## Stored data
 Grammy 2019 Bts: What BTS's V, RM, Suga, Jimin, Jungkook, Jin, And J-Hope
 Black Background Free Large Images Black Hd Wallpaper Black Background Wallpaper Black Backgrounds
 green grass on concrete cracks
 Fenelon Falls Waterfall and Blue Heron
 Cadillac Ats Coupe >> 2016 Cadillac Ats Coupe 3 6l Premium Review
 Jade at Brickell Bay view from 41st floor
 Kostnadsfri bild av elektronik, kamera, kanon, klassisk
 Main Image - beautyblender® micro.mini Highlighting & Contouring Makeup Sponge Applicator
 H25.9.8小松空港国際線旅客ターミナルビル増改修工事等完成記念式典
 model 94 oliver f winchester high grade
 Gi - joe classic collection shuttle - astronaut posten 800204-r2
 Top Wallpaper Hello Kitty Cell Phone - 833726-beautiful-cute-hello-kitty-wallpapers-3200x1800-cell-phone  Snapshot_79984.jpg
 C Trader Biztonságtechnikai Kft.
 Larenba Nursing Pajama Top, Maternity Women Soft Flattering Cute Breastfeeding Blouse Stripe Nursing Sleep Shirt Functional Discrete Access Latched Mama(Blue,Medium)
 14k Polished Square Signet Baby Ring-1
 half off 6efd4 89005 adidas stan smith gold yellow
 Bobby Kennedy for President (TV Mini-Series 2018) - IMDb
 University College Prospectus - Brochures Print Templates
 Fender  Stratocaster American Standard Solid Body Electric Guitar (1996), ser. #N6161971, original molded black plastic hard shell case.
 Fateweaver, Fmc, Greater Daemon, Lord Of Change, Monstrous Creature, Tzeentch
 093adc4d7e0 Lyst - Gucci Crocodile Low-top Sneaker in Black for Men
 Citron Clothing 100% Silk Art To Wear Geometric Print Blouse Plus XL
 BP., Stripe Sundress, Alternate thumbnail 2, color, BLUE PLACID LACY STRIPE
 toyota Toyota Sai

## TO DO
Write out each entry again, character for character.

## OUTPUT FOR THIS EXERCISE
 Grammy 2019 Bts: What BTS's V, RM, Suga, Jimin, Jungkook, Jin, And J-Hope
 Black Background Free Large Images Black Hd Wallpaper Black Background Wallpaper Black Backgrounds
 green grass on concrete cracks
 Fenelon Falls Waterfall and Blue Heron
 Cadillac Ats Coupe >> 2016 Cadillac Ats Coupe 3 6l Premium Review
 Jade at Brickell Bay view from 41st floor
 Kostnadsfri bild av elektronik, kamera, kanon, klassisk
 Main Image - beautyblender® micro.mini Highlighting & Contouring Makeup Sponge Applicator
 H25.9.8小松空港国際線旅客ターミナルビル増改修工事等完成記念式典
 model 94 oliver f winchester high grade
 Gi - joe classic collection shuttle - astronaut posten 800204-r2
 Top Wallpaper Hello Kitty Cell Phone - 833726-beautiful-cute-hello-kitty-wallpapers-3200x1800-cell-phone  Snapshot_79984.jpg
 C Trader Biztonságtechnikai Kft.
 Larenba Nursing Pajama Top, Maternity Women Soft Flattering Cute Breastfeeding Blouse Stripe Nursing Sleep Shirt Functional Discrete Access Latched Mama(Blue,Medium)
 14k Polished Square Signet Baby Ring-1
 half off 6efd4 89005 adidas stan smith gold yellow
 Bobby Kennedy for President (TV Mini-Series 2018) - IMDb
 University College Prospectus - Brochures Print Templates
 Fender  Stratocaster American Standard Solid Body Electric Guitar (1996), ser. #N6161971, original molded black plastic hard shell case.
 Fateweaver, Fmc, Greater Daemon, Lord Of Change, Monstrous Creature, Tzeentch
 093adc4d7e0 Lyst - Gucci Crocodile Low-top Sneaker in Black for Men
 Citron Clothing 100% Silk Art To Wear Geometric Print Blouse Plus XL
 BP., Stripe Sundress, Alternate thumbnail 2, color, BLUE PLACID LACY STRIPE
 toyota Toyota Sai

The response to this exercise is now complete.